Is it possible to do this? Or is that what already happens?

Thanks

2

There are 2 answers

2
Thomas Jungblut On BEST ANSWER

Setup is called right before it is able to read the first key/values pair from the stream.

Which is effectively after all mappers ran and all the merging for a given reducer partition is finished.

0
Manu Manjunath On

As explained in Hadoop docs, setup() method is called once at the start of the task. It should be used for the instantiating resources/variables or reading configurable params which in turn can be used in reduce() method. Think of it like a constructor.

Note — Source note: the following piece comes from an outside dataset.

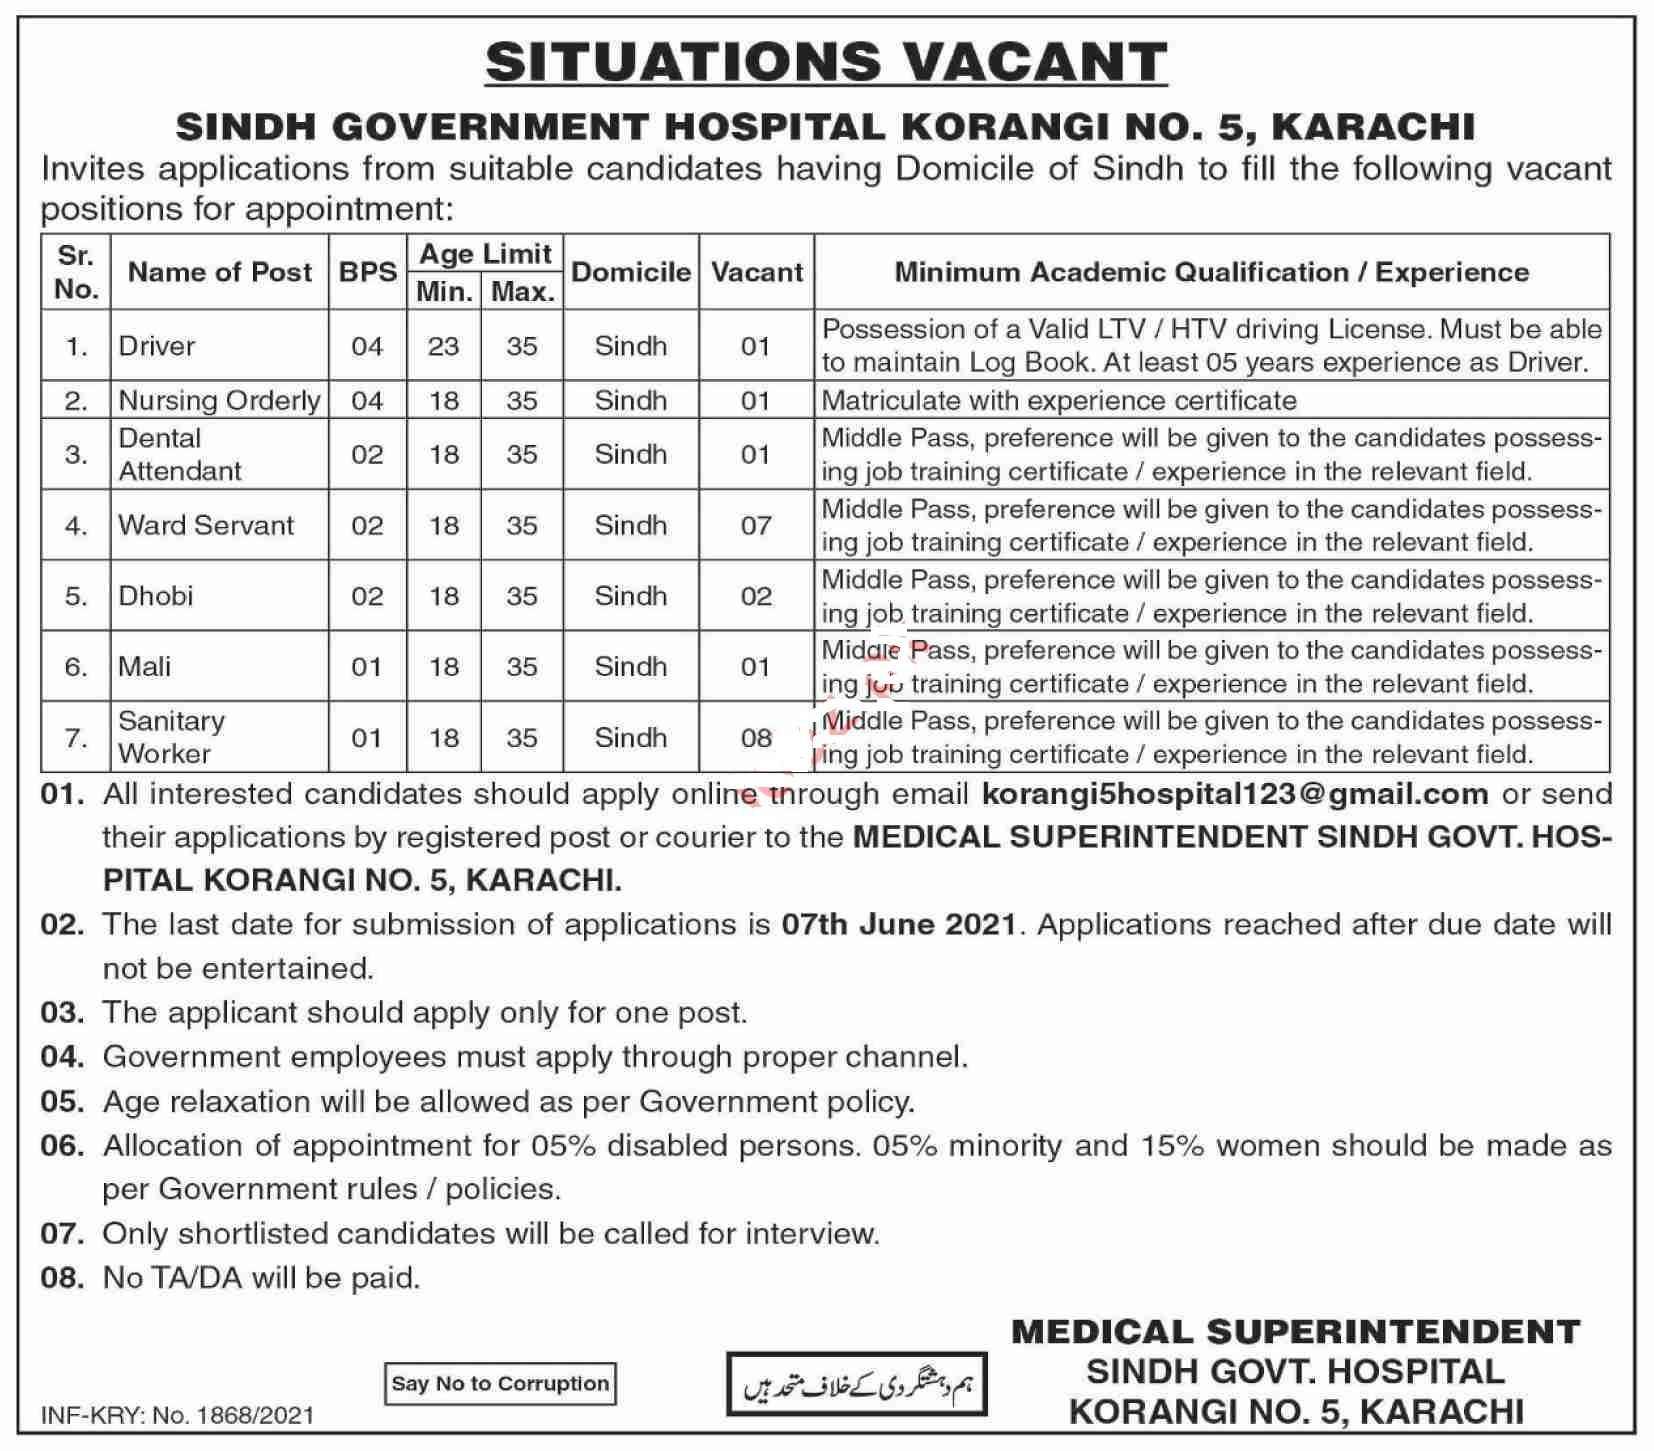 Latest Sindh Government Hospital Korangi No 5 Karachi Jobs 2021
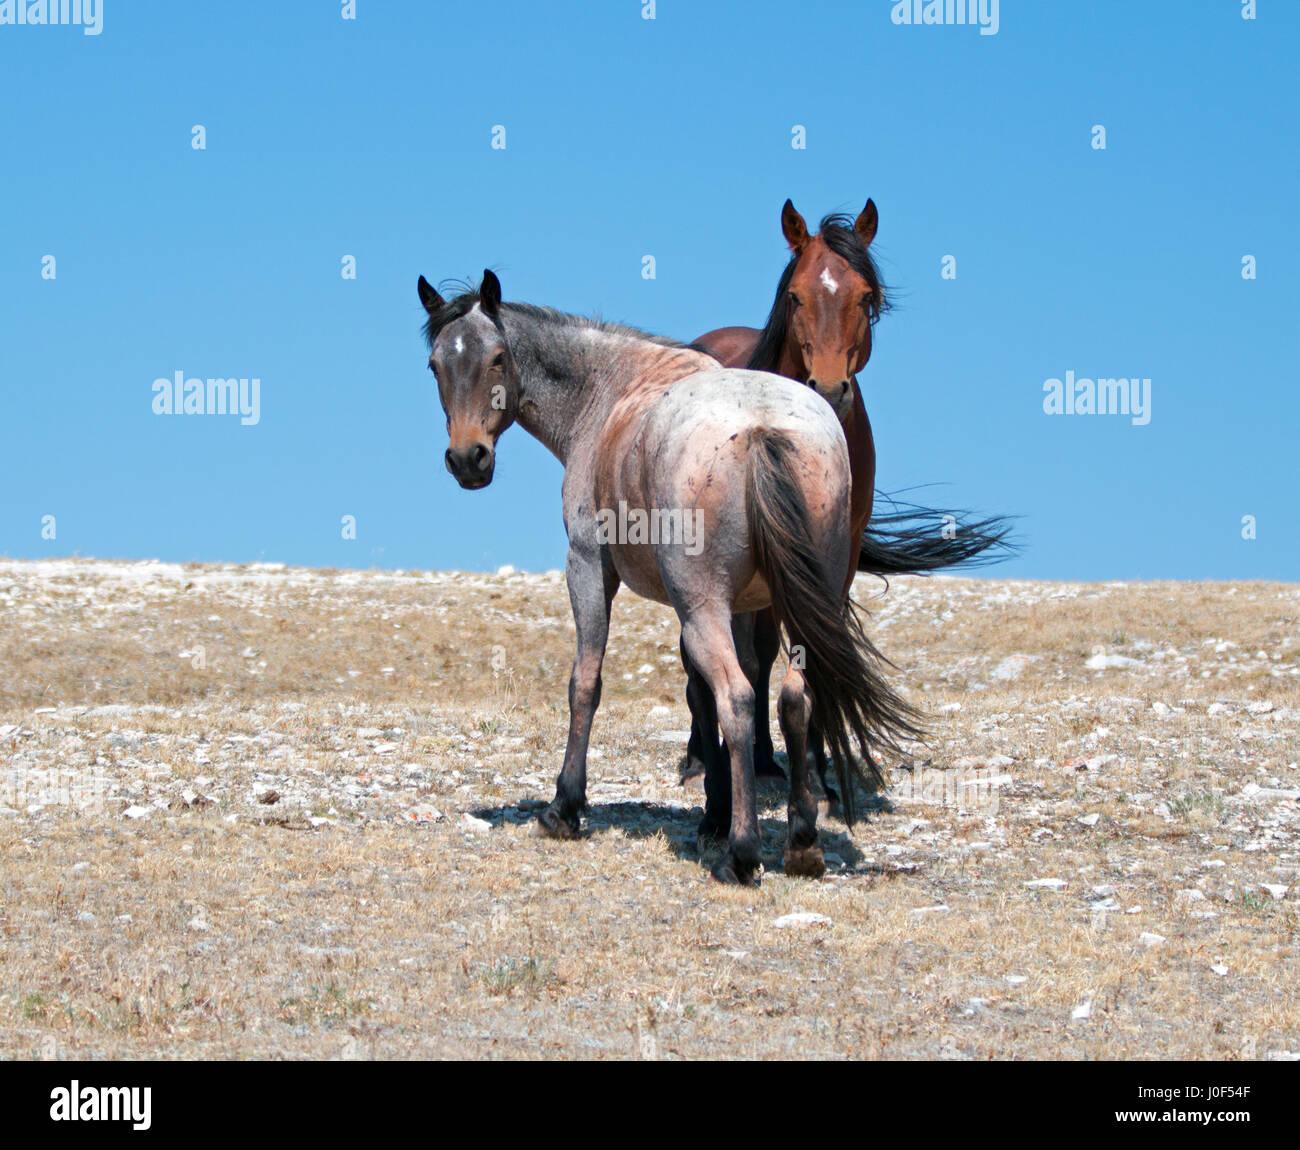 Strawberry Roan Horse Stock Photos & Strawberry Roan Horse ... - photo#18

Here is an example reducer:

class ExampleReducer extends TableReducer<ImmutableBytesWritable, ImmutableBytesWritable, ImmutableBytesWritable> {

    private int runId;
    private ObjectMapper objectMapper;

    @Override
    protected void setup(Context context) throws IOException {
        Configuration conf = context.getConfiguration();
        this.runId = Integer.valueOf(conf.get("stackoverflow_run_id"));
        this.objectMapper = new ObjectMapper();
    }


    @Override
    protected void reduce(ImmutableBytesWritable keyFromMap, Iterable<ImmutableBytesWritable> valuesFromMap, Context context) throws IOException, InterruptedException {
        // your code
        var = objectMapper.writeValueAsString();
        // your code
        context.write(new ImmutableBytesWritable(somekey.getBytes()), put);
    }
}